Joaquín asintió como si nada.
—Jorge, Gloria, ya no hay nada que hacer. Hoy en la noche… descansen bien.
Jorge y Gloria miraron de reojo hacia la ventana.
—Pero…
—No pasa nada —dijo Kiara, tranquila—. Esta noche no va a pasar gran cosa. El pez gordo todavía no llega; no hay prisa.
Ya dentro de la casa, estaban bajo el sistema de seguridad.
No había forma de que esos don nadie pudieran romperlo y escuchar lo que decían.
Jorge y Gloria se miraron. Seguían preocupados, pero al ver a los dos tan calmados…
Asintieron y se retiraron a sus cuartos.
—Ven. Vamos a ver quiénes son los que andan afuera —dijo Joaquín, llevándose a Kiara hacia un rincón oculto.
Presionó algo en la pared.
Se abrió una puerta de elevador escondida.
Los dos entraron. El elevador bajó directo al sótano.
Cuando se abrieron las puertas, apareció una sala de control enorme.
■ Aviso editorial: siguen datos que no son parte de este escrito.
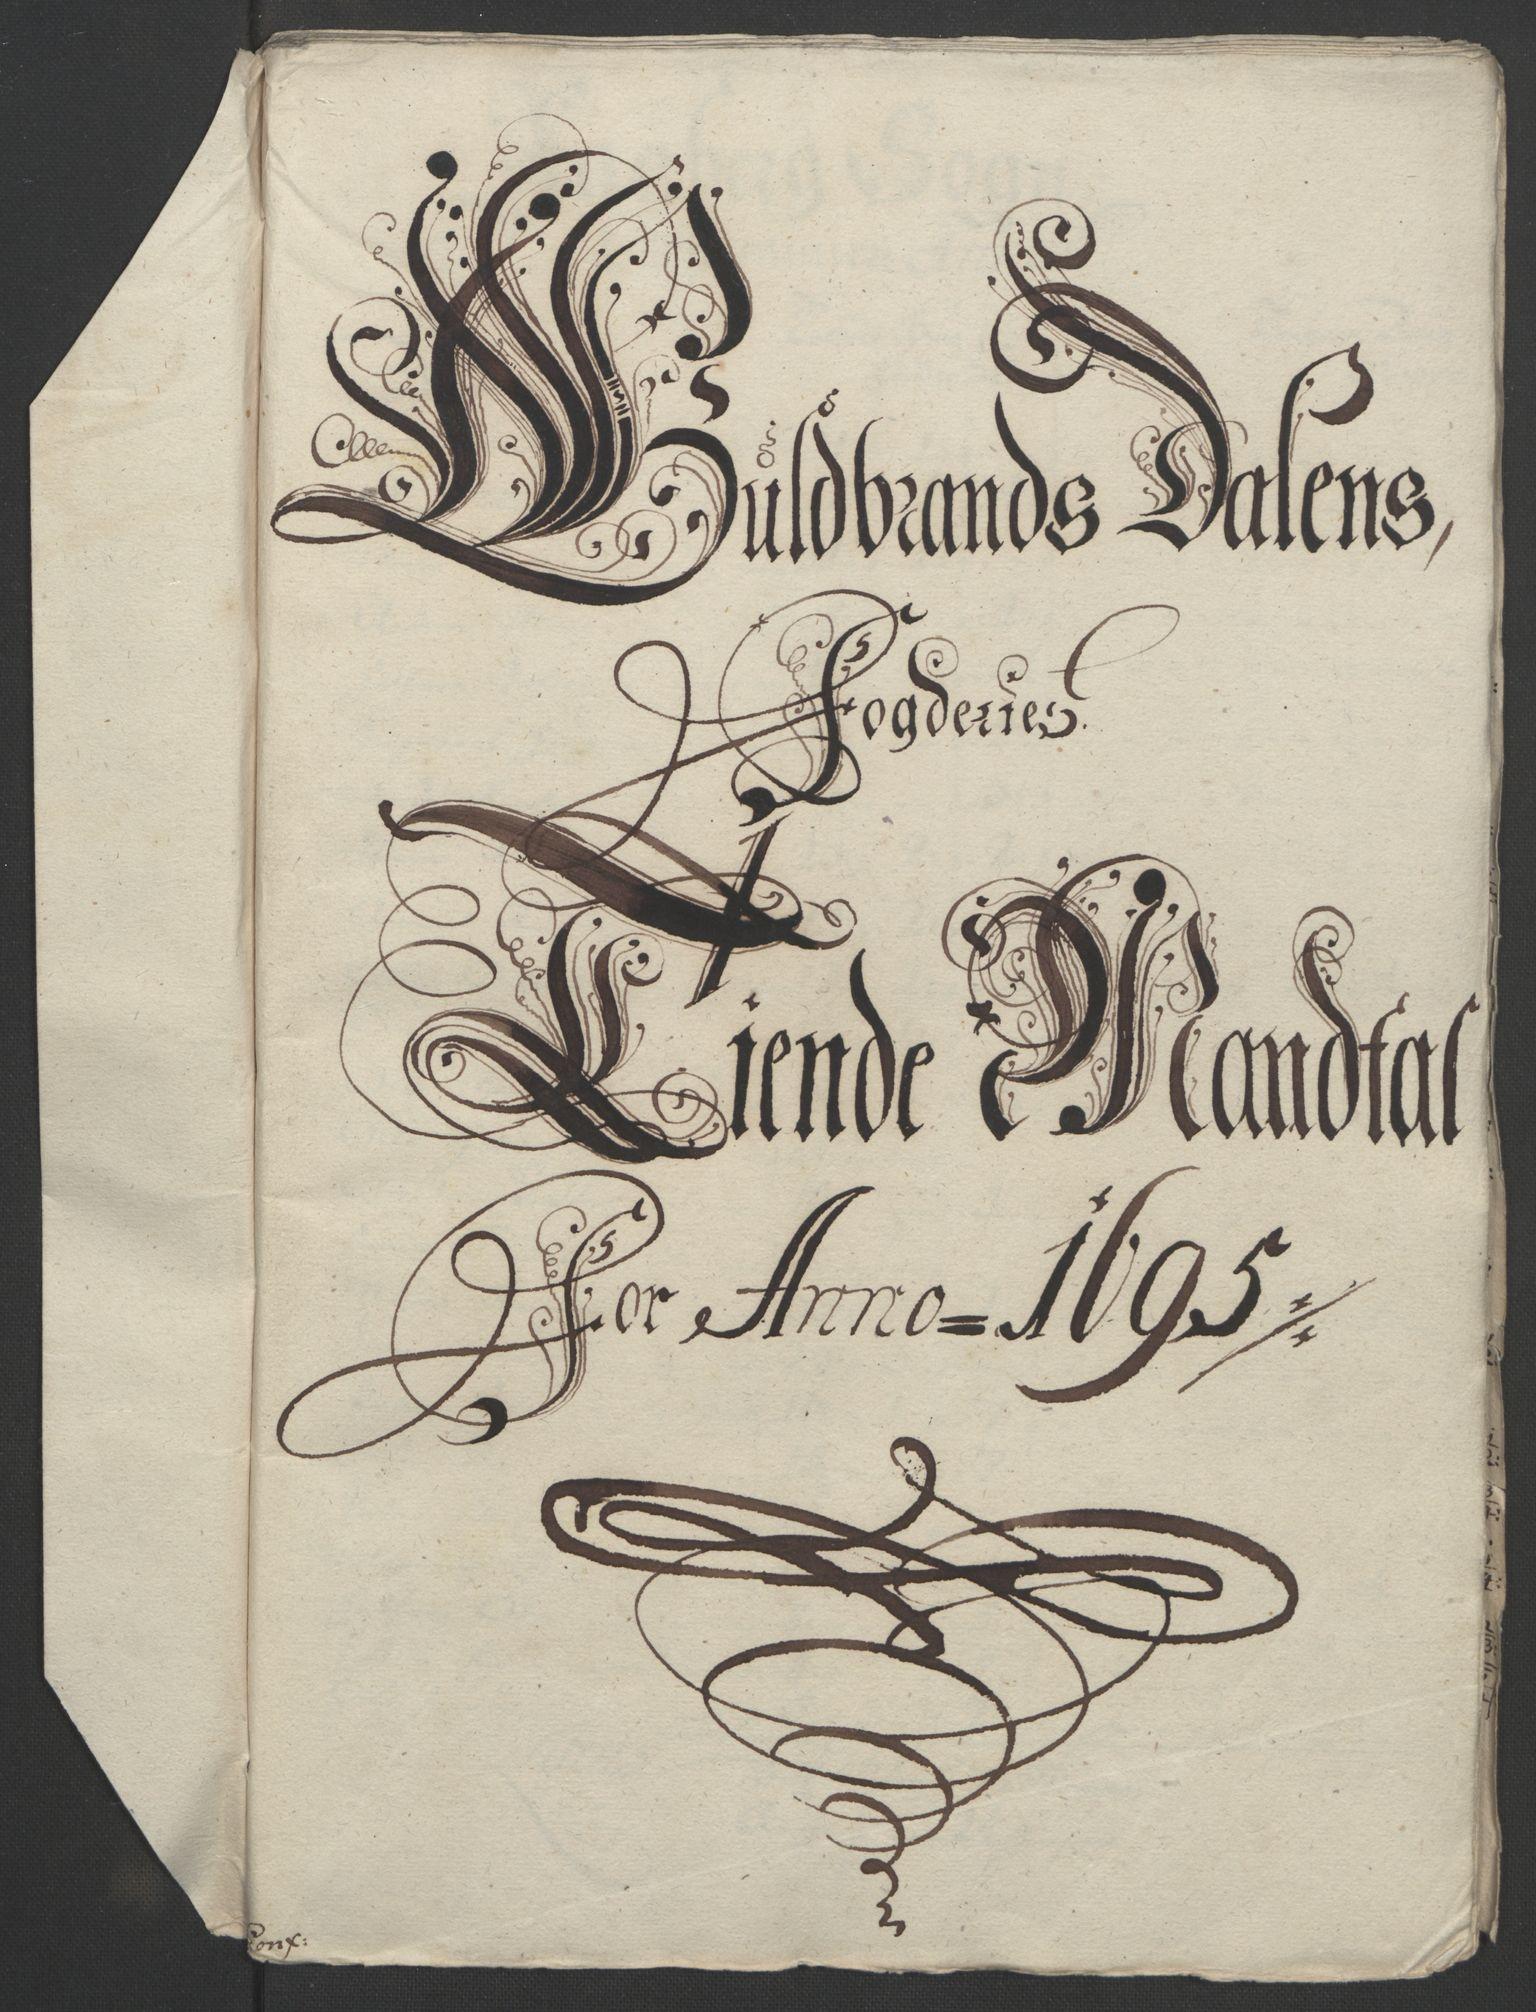 RA, Rentekammeret inntil 1814, Reviderte regnskaper, Fogderegnskap, R17/L1169: Fogderegnskap Gudbrandsdal, 1695, s. 62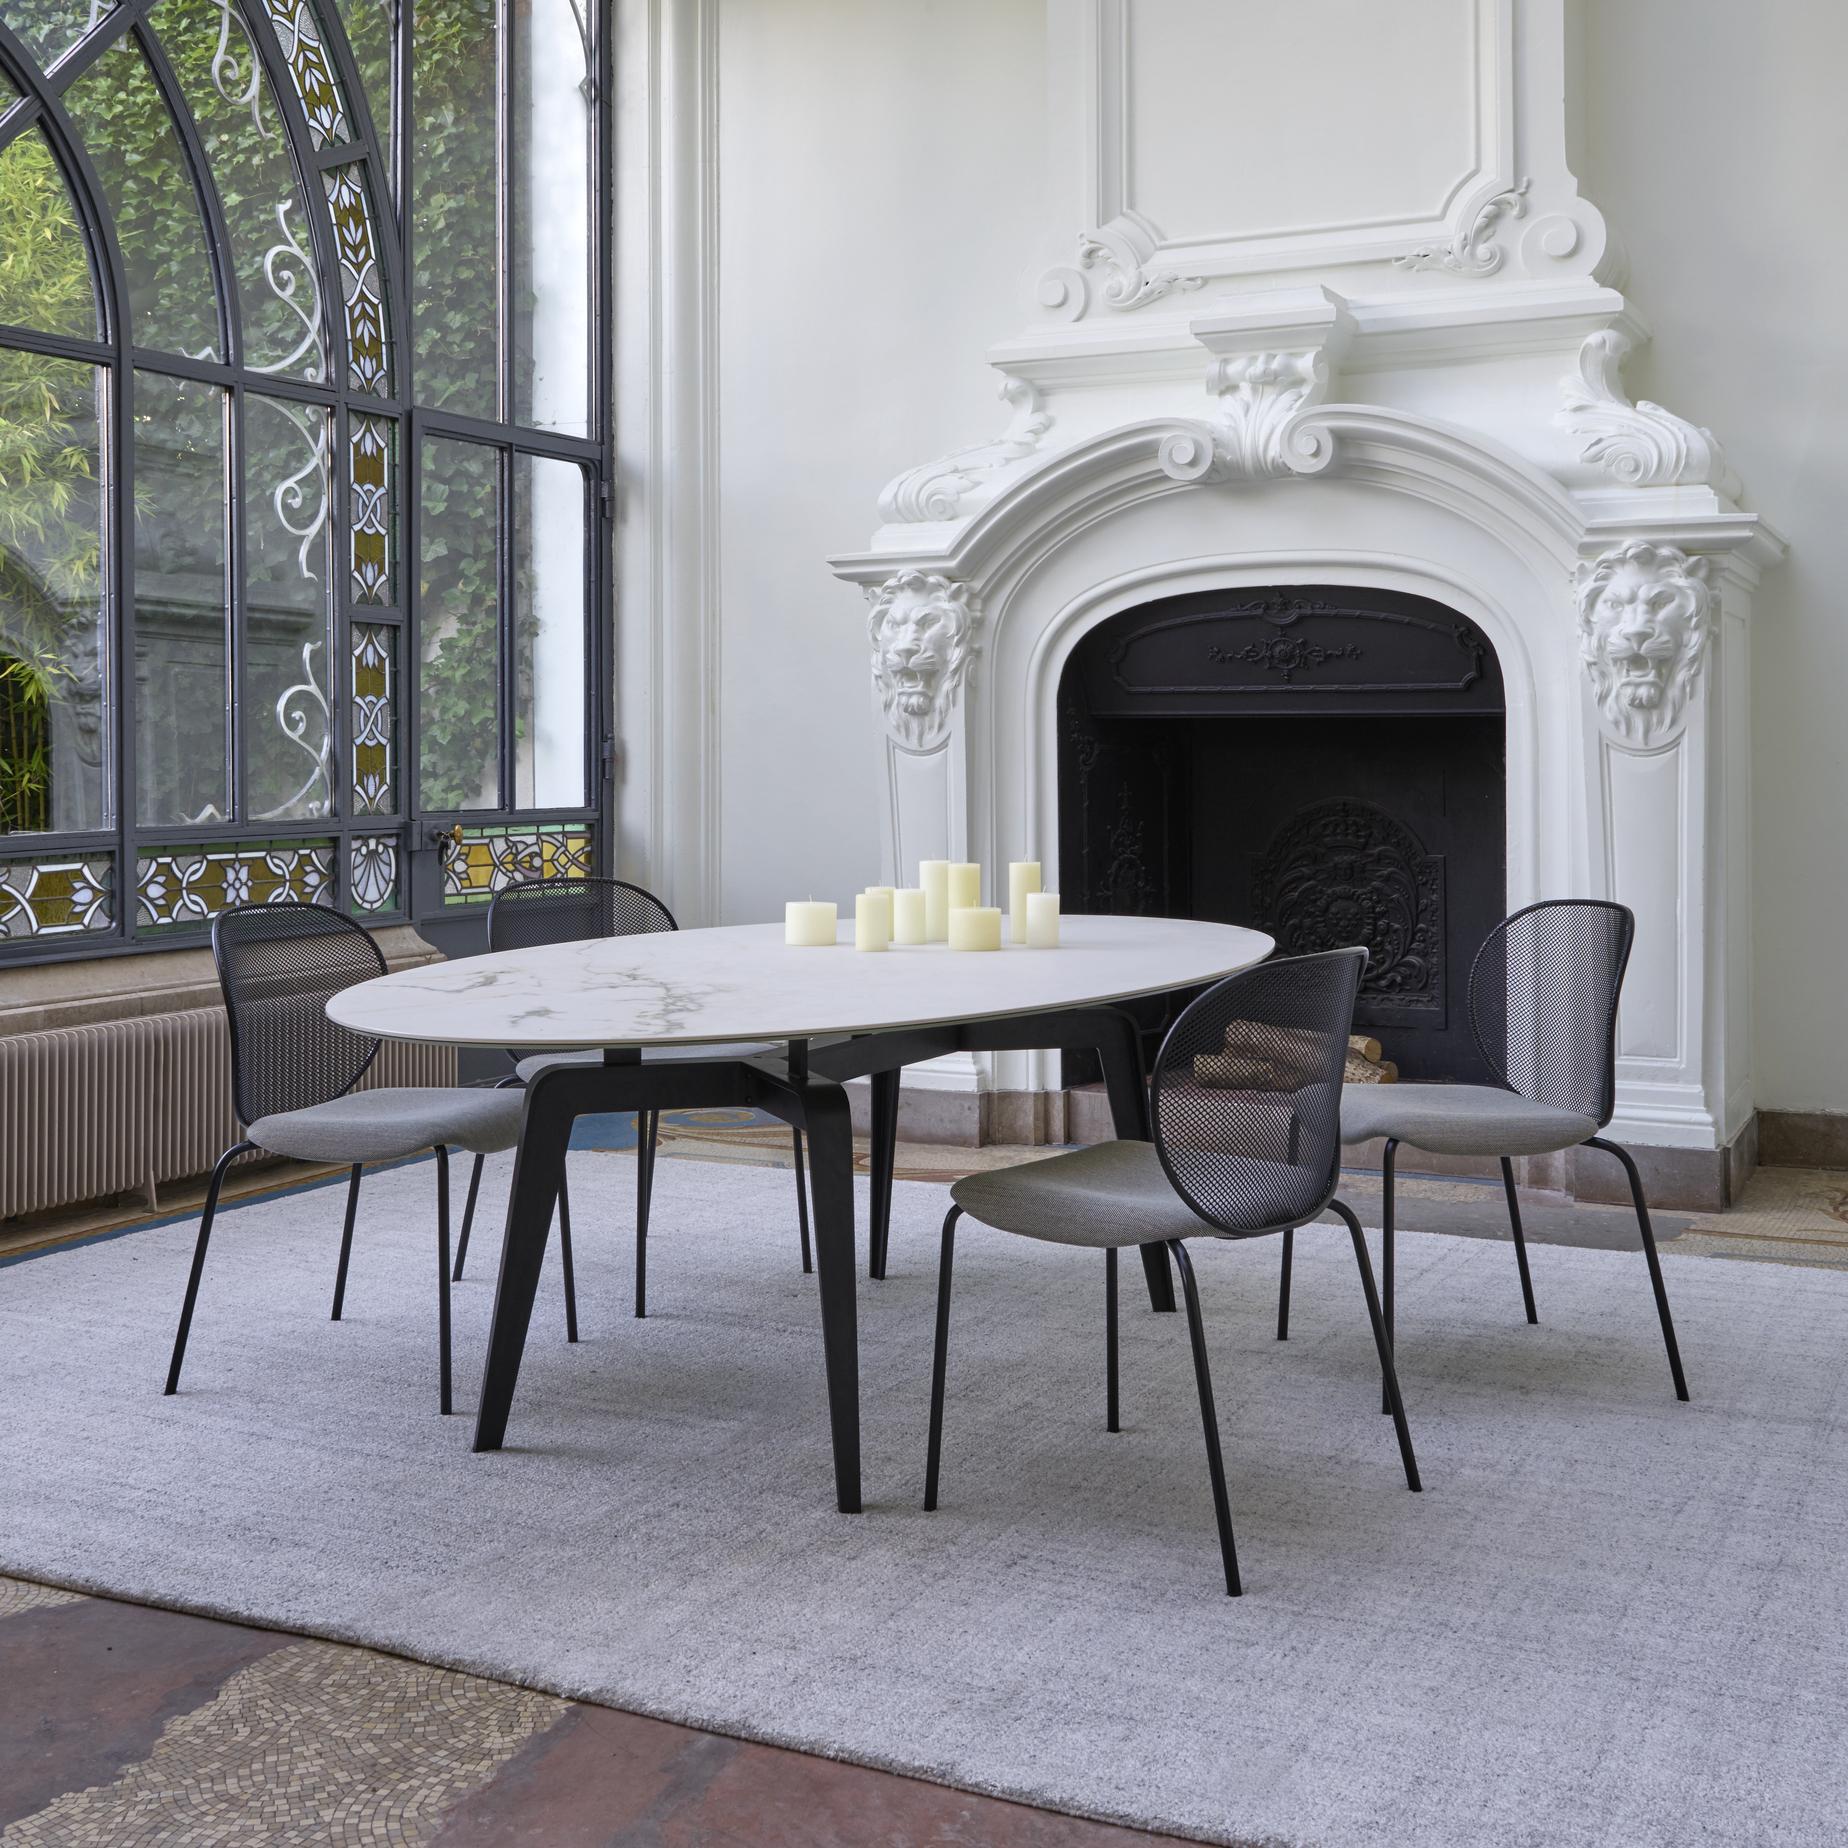 Odessa Tables From Designer Mauro Lipparini Ligne Roset Official Site

Una pared completa era una pantalla gigante con cámaras: monitoreo en tiempo real de todo el perímetro, sin puntos ciegos.
Incluso había pantallas con datos de sensores, infrarrojos y lecturas del área.
Ese era el corazón de la casa.
El centro del sistema de seguridad.
Kiara se acercó y barrió con la vista decenas de cámaras.
En menos de diez segundos, ubicó la zona.
Varios hombres, como sombras, avanzaban desde distintos puntos, con movimientos tácticos profesionales, acercándose a la casa.
—Oye, Kiki… por cierto, a mí también me llegó un dato.
—En Veridia, dos grupos se aliaron. Sacaron a sus mejores elementos y los mandaron todos hacia Solarenia…
—Y hasta dicen que el cabecilla de Legión Negra, ese tal Jóker que siempre se esconde, esta vez piensa venir en persona.
Al decirlo, alargó el tono y luego la miró de reojo.
—Con ese movimiento… esto no suena a “venganza” por lo que hiciste en su base de Solarenia.
La cercanía de Joaquín hizo que Kiara sintiera la espalda cubierta por un calor suave.
El aroma de él, limpio y fresco, se le enredó alrededor.
Kiara apretó un poco los dedos sobre la consola.
Volteó, sin emoción, y alzó la mano para empujarlo un par de pasos atrás. Solo entonces dijo, en tono plano:
—No es nada. Solo les dejé un anzuelo. Le pedí al infiltrado que tengo en Veridia que les soltara un dato.